Organic thin film solar cells are solar cell elements using organic matter for an active layer and as a charge-transporting substance, among which the dye-sensitized solar cell developed by M. Gratzel and the organic thin film solar cell developed by C. W. Tang are well known (Non-patent Documents 1 and 2).
Both types of solar cells have different characteristic properties from those of the inorganic solar cells which are the main stream at present, in such points that they are light in weight, are thin films, can be made to be flexible, and can be produced on a roll-to-roll basis, so that they are expected to form a new market.
Among others, the organic thin film solar cells (organic photovoltaics; hereinafter abbreviated to OPV) have been drawing great attention, since they are characterized in that they are at least free of electrolytes and free of heavy metal compounds, and since a photoelectric conversion efficiency (hereinafter abbreviated to PCE) of 10.6% has recently been reported by a group of UCLA et al. (Non-patent Document 3).

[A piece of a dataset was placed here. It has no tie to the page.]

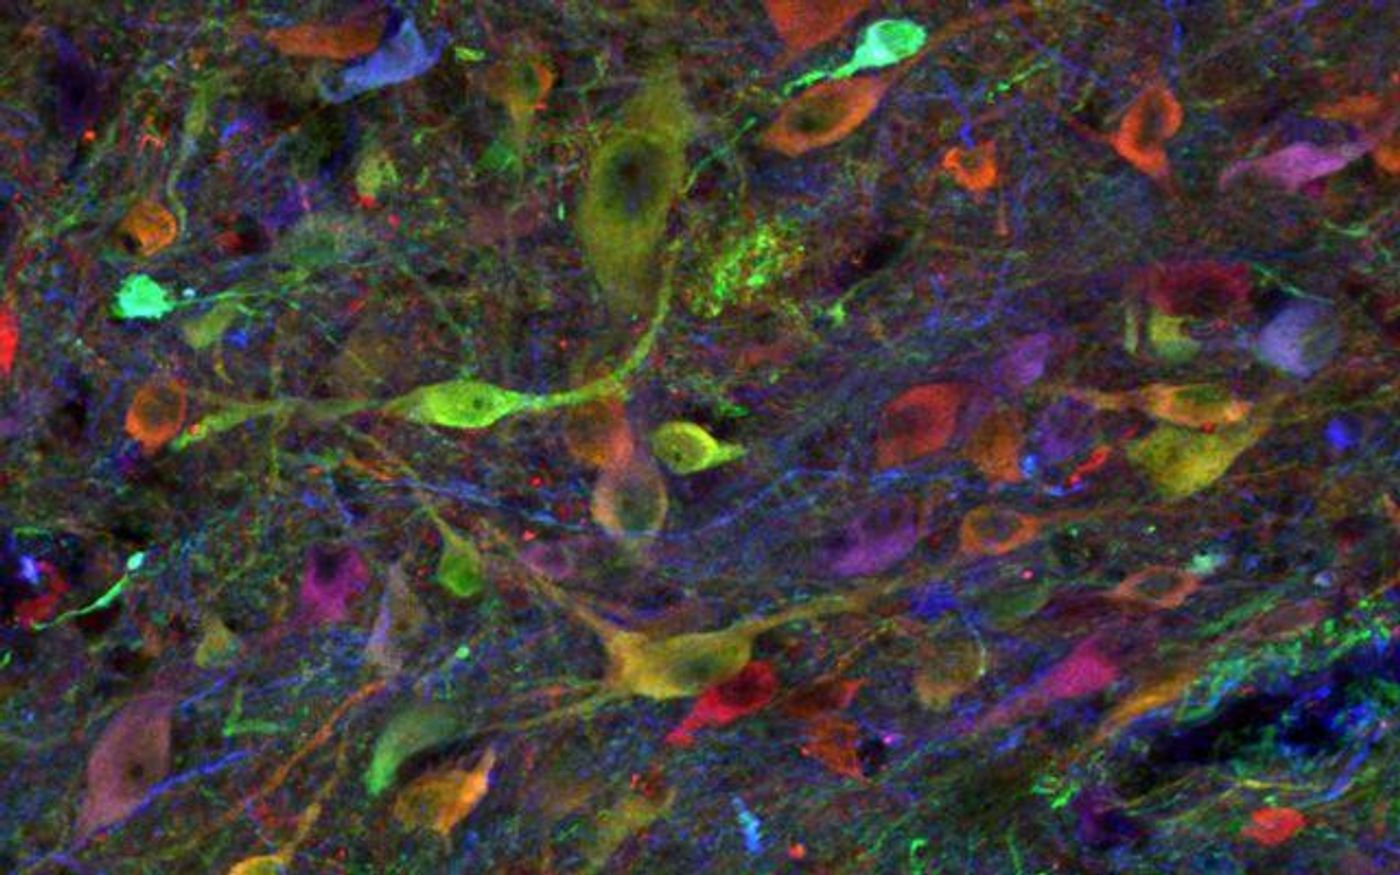 A population of induced pluripotent stem cell-derived neurons. Credit: UC San Diego Health

In recent years, utilization of renewable energy has been advocated, and developments thereof have been being accelerated. In regard of the OPV, investigations have been under way for putting devices of energy harvesting and the like into practical use in their early stages. Besides, the following further wider ranges of use of the OPV devices are expected.
However, PEDOT/PSS often used as an anode buffer layer in the OPV is prepared as an aqueous dispersion, and it is very difficult to remove water completely or to inhibit reabsorption of water; therefore, there is a problem that water is liable to accelerate deterioration of the OPV element. In addition, since the PEDOT/PSS aqueous dispersion liable to show aggregation of solids, there are problems that defects are liable to be generated in the coating film, that the coating apparatus is susceptible to clogging or corrosion, etc.; thus, there have been problems yet to be solved, also in the mass production process.